> [YOUR GOAL] Please output the line containing "thiết bị hội" and all lines that follow it in the data below, exactly, with no pictures.

> [INFORMATION SHOWN]
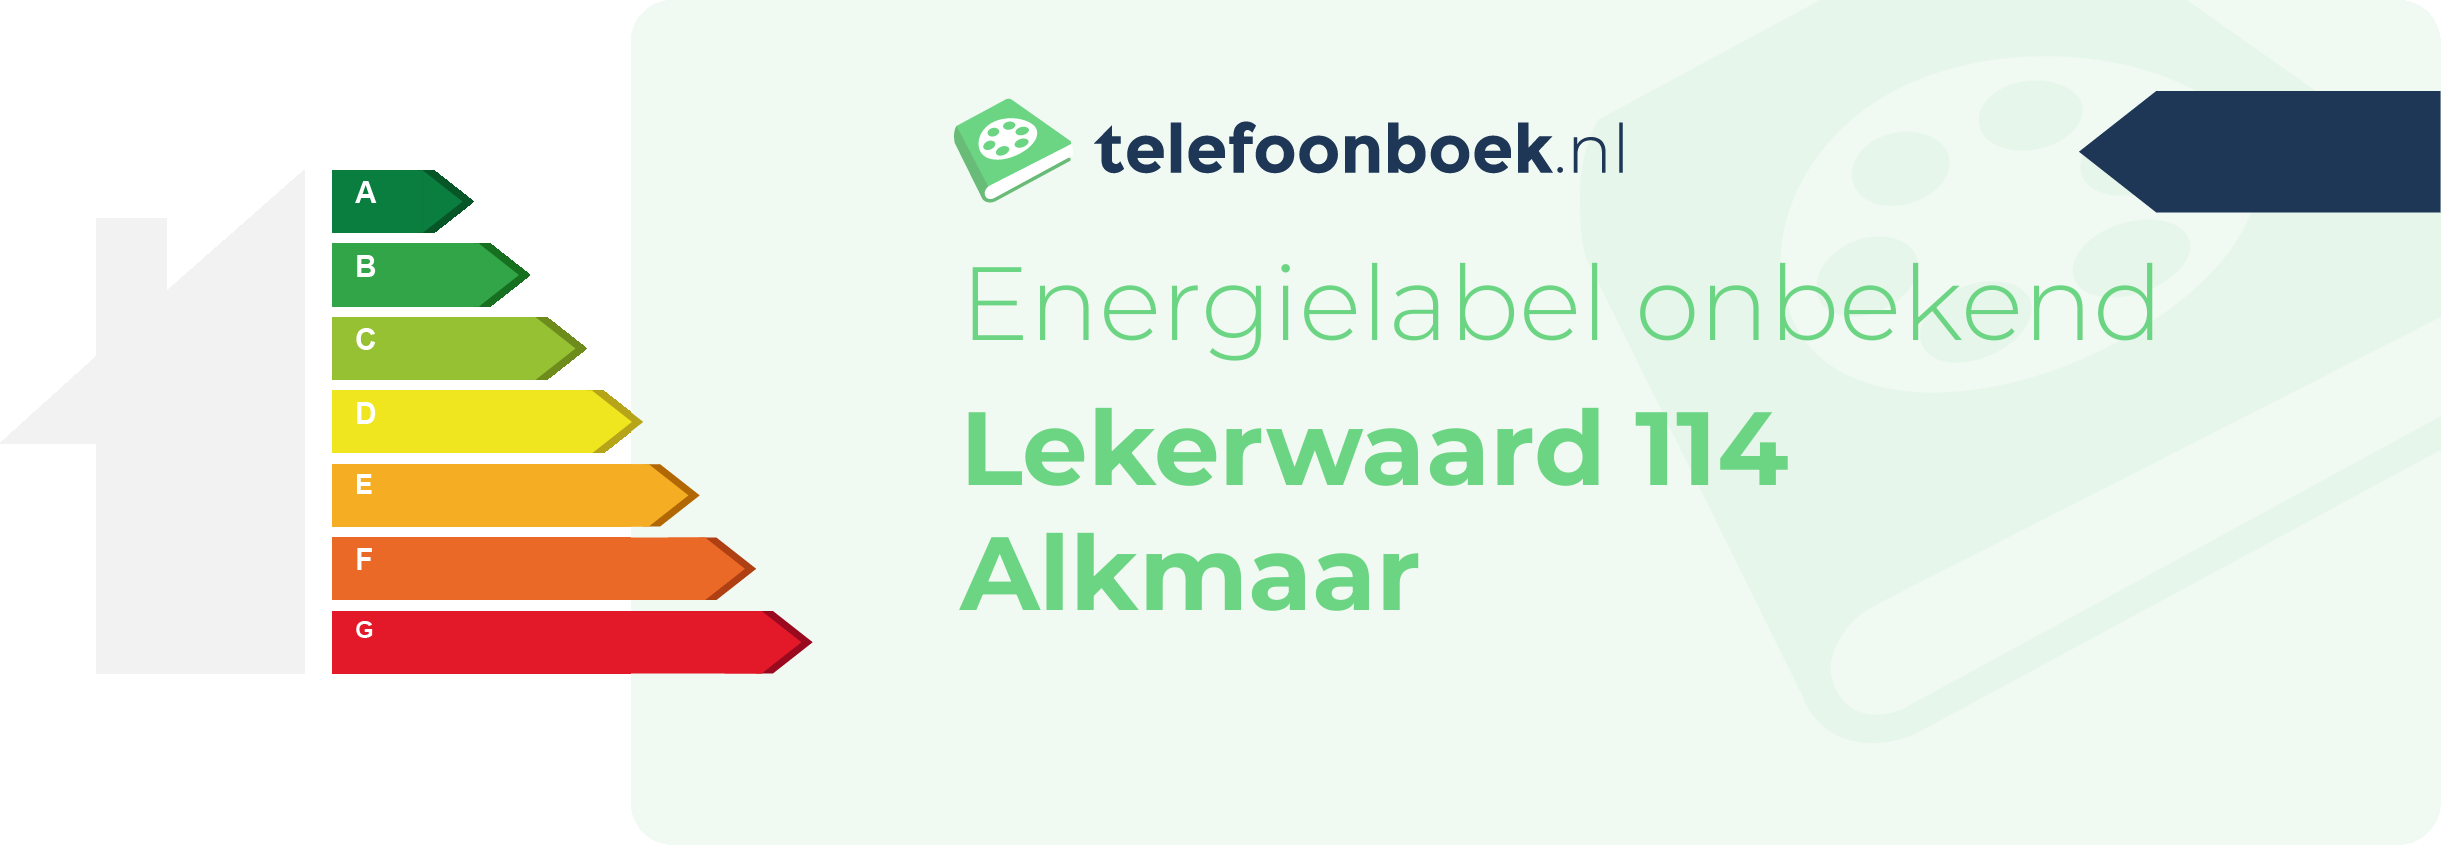 Energielabel Lekerwaard 114 Alkmaar
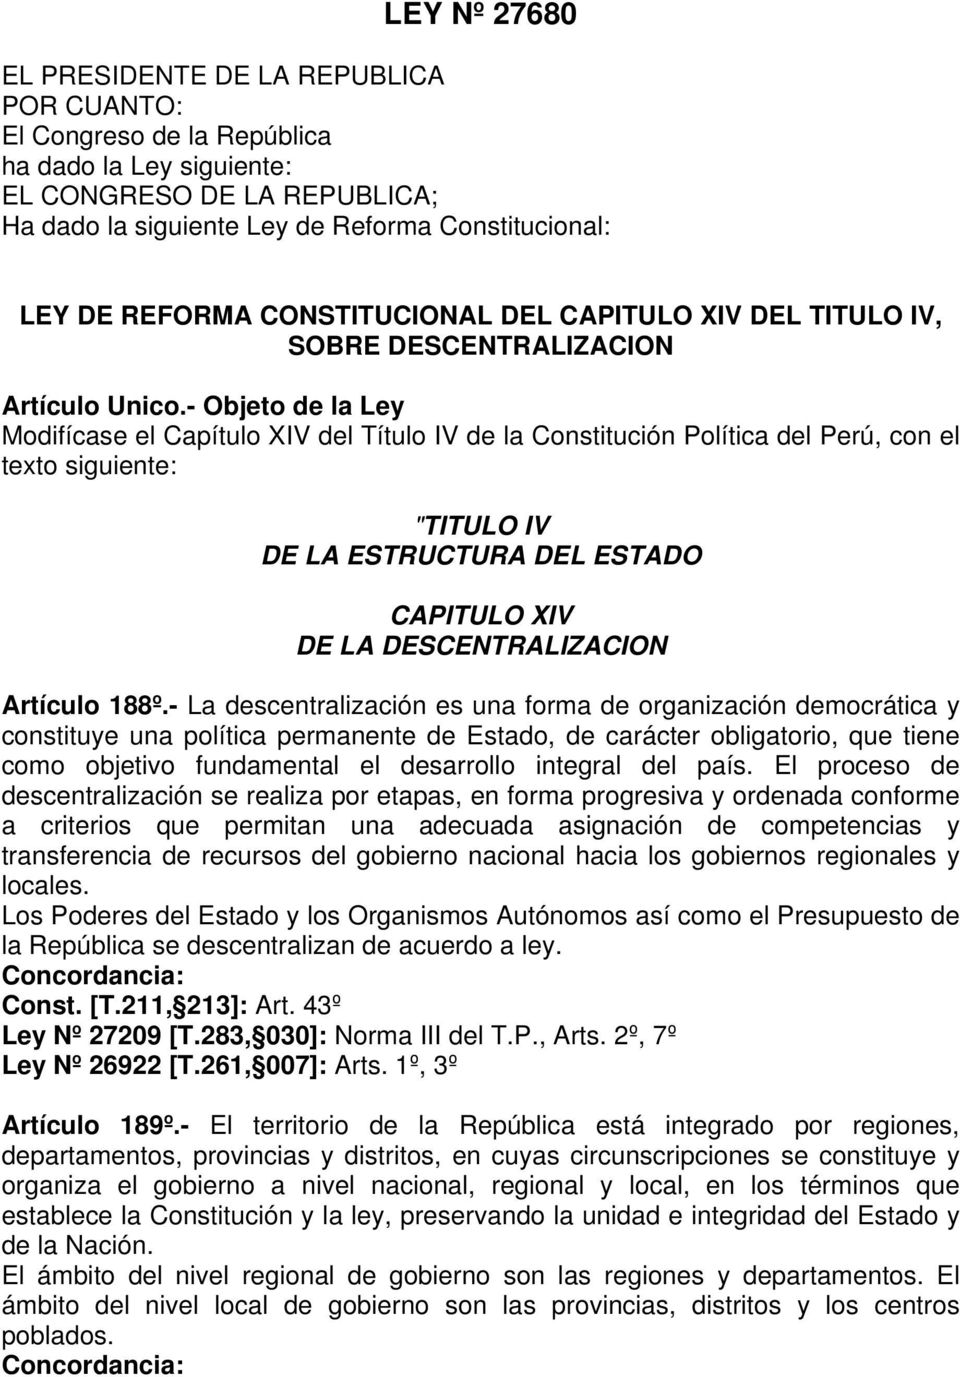 - Objeto de la Ley Modifícase el Capítulo XIV del Título IV de la Constitución Política del Perú, con el texto siguiente: "TITULO IV DE LA ESTRUCTURA DEL ESTADO CAPITULO XIV DE LA DESCENTRALIZACION
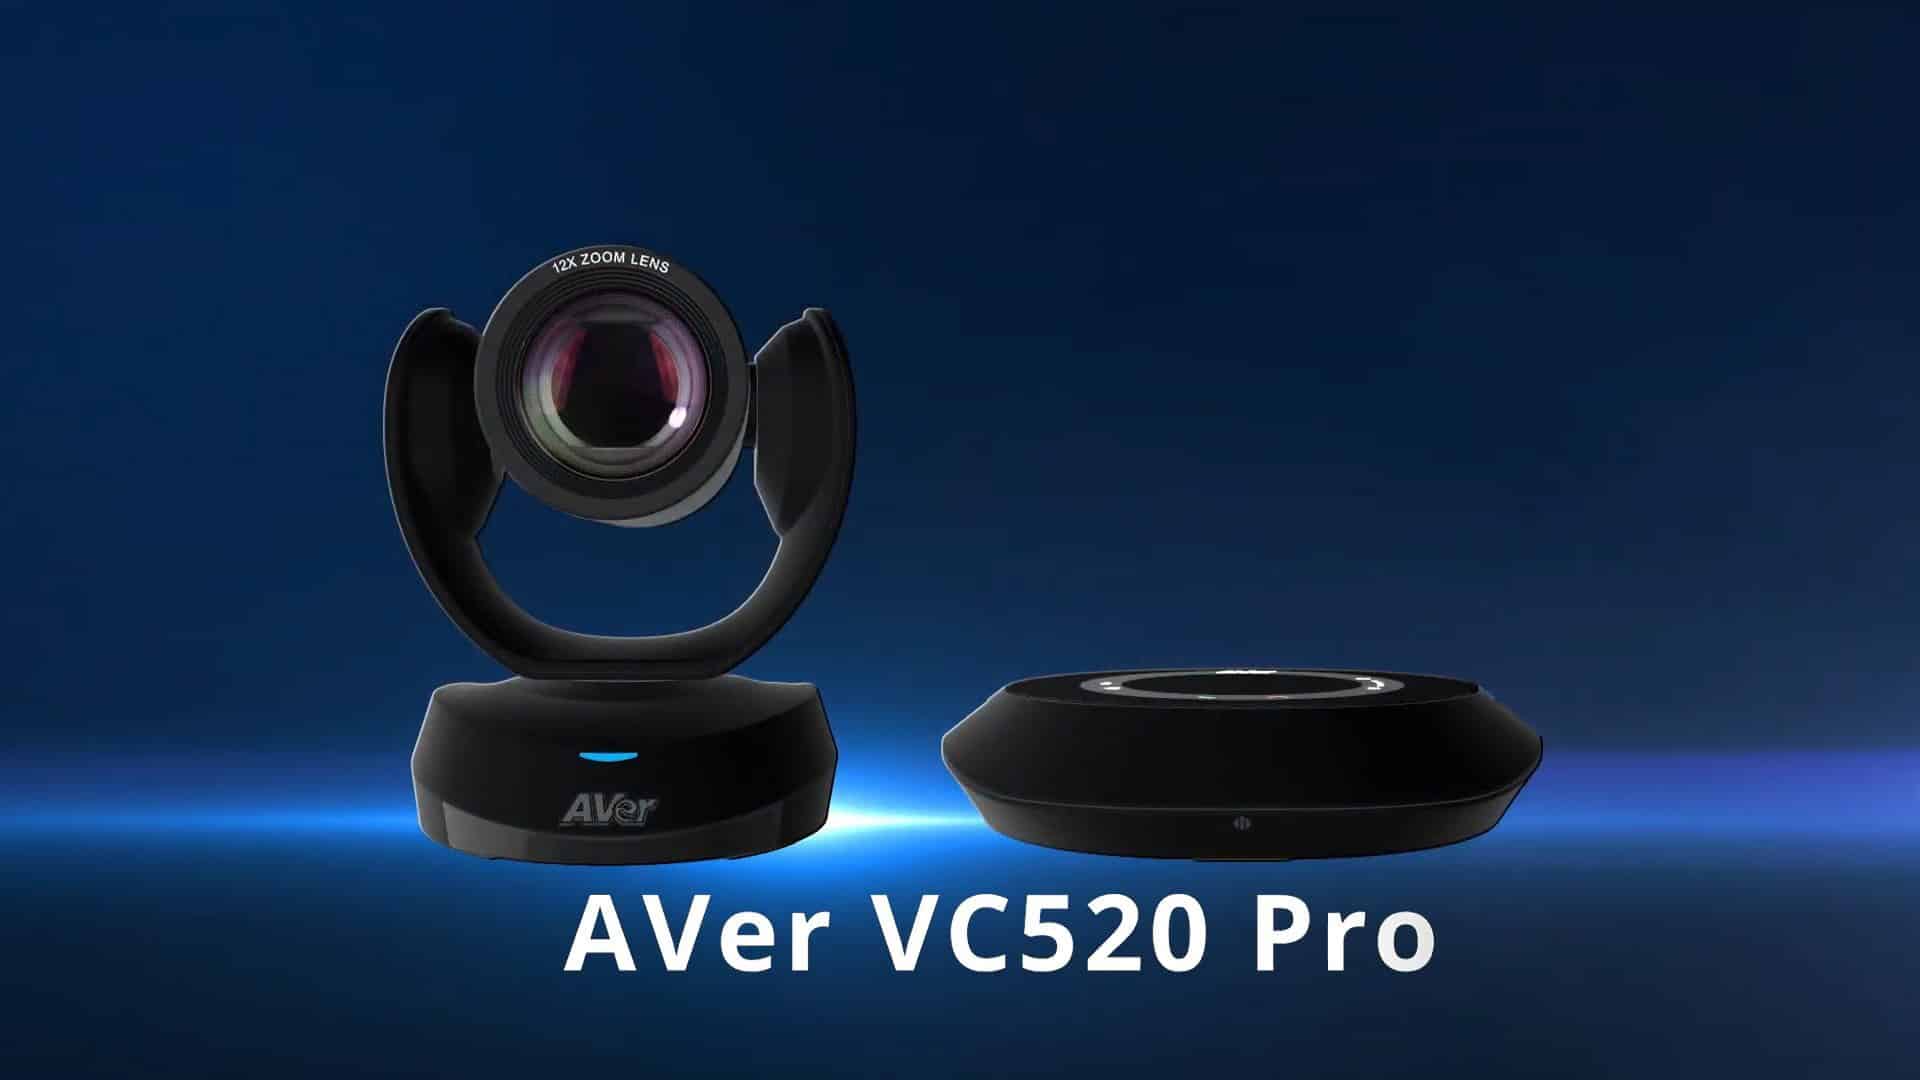 thiết bị hội nghị truyền hình aver vc520 pro phiên bản standard edition là gì
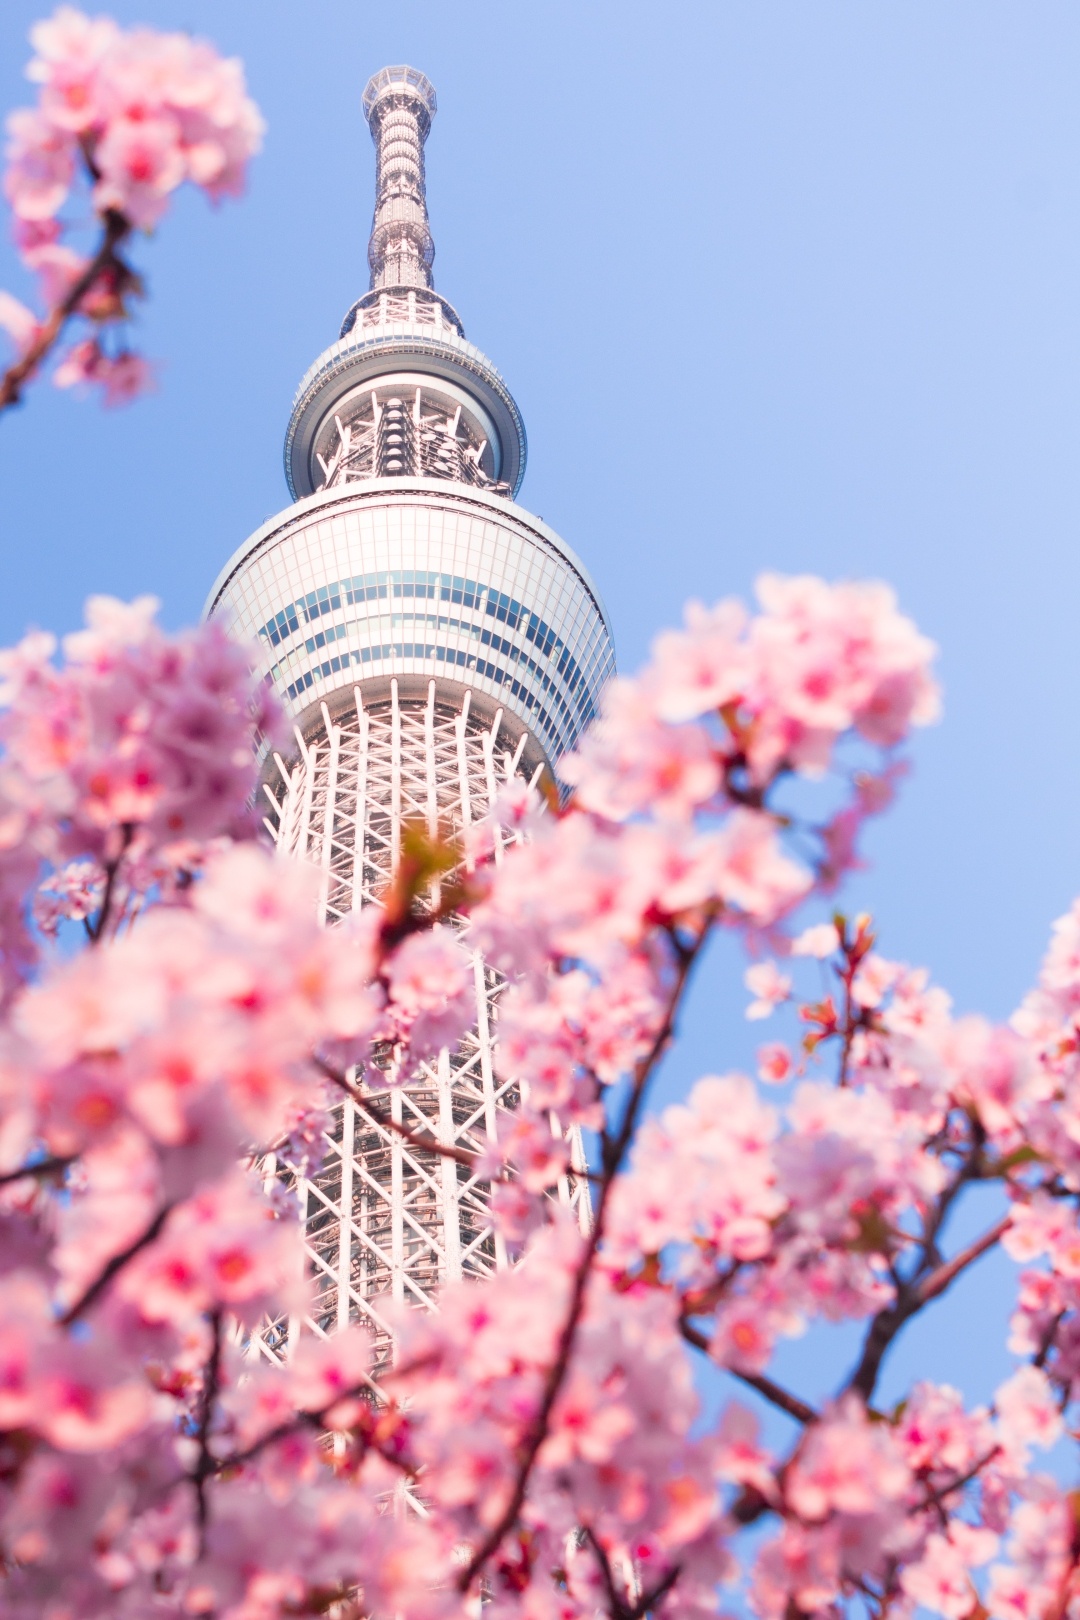 Ako planirate putovanje u Japan, neka to bude u proljeće – cvjetni prizori čine ga posebnim

> [TASK RESPONSE]
 thiết bị hội nghị truyền hình aver vc520 pro phiên bản standard edition là gì
 Ako planirate putovanje u Japan, neka to bude u proljeće – cvjetni prizori čine ga posebnim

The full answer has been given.